The current project has achieved its goal of demonstrating that the integration of the teleconference functionality with clinical database retrieval is a promising approach to physician-to-physician teleconferencing. We concluded that database retrieval and network bandwidth were the two major determining factors of system performance.¹¹ This was particularly true in situations that required real-time database access, when rapid and accurate data delivery was critical for conference continuity.

For effective database retrieval, we constructed an index system using object identifiers as primary keys for each object type.¹² To resolve the network delay problem, which may have been caused by the transmission of multimedia data, a prefetching algorithm was used to prefetch multimedia data at the beginning of the conference, leaving adequate network bandwidth for the transmission of other data. Specifically, we adapted a data-caching mechanism called “informed prefetching,” which aggressively uses knowledge of future access to conference contents. As a result, the system can significantly reduce network latency time during a conference session and take full advantage of its limited repository.
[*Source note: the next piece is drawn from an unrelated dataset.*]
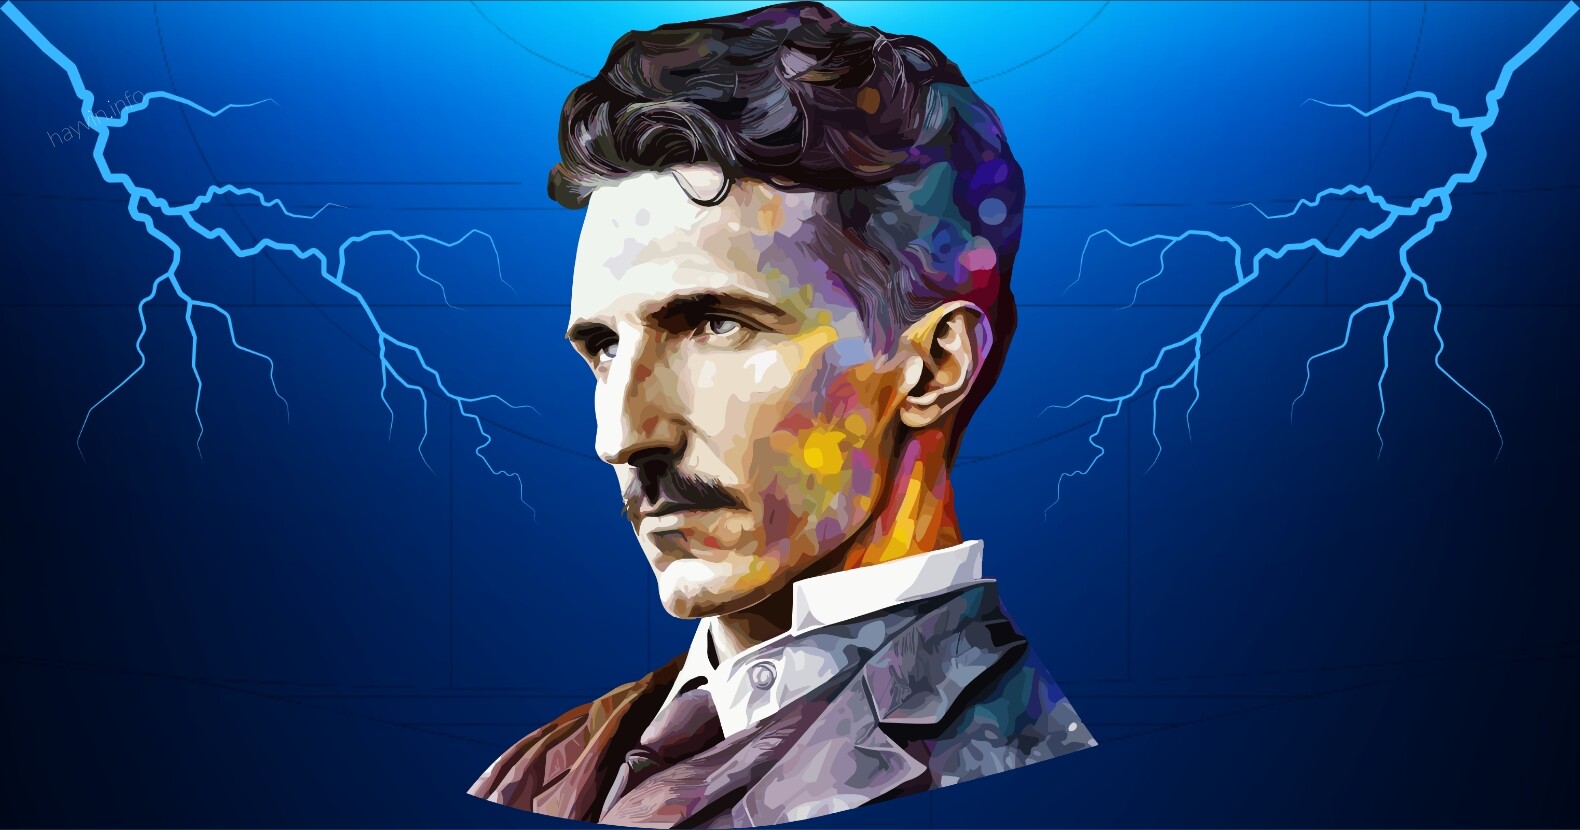 Nikola Tesla rejtvénye, amit csak az emberek 2%-a tud megfejteni, MAXIMÁLIS NEHÉZSÉGŰ vírusos kihívás

Furthermore, to reduce the volume of message exchange resulting from the synchronization of mouse movement, the system provides movement support only when a partner's action has some significance.

Although the size of the prototype database was relatively small (100 patients) and the process of building it was laborious, the effort has successfully demonstrated the utility of a truly integrated patient database.

One of the most important features of the system is that it offers participants the ability to retrieve data directly from databases while a conference is in progress. This was made possible by building a multimedia database user interface that allows users to view medical records in an integrated manner and by adding a conferencing facility to this workspace. Users are able to discuss cases while using a database interface with which they are familiar. The reduction of response time and the mimicking of the access patterns of doctors promise to provide a teleconferencing system that is tightly coupled with a clinical database and that provides practical advice from remote sites.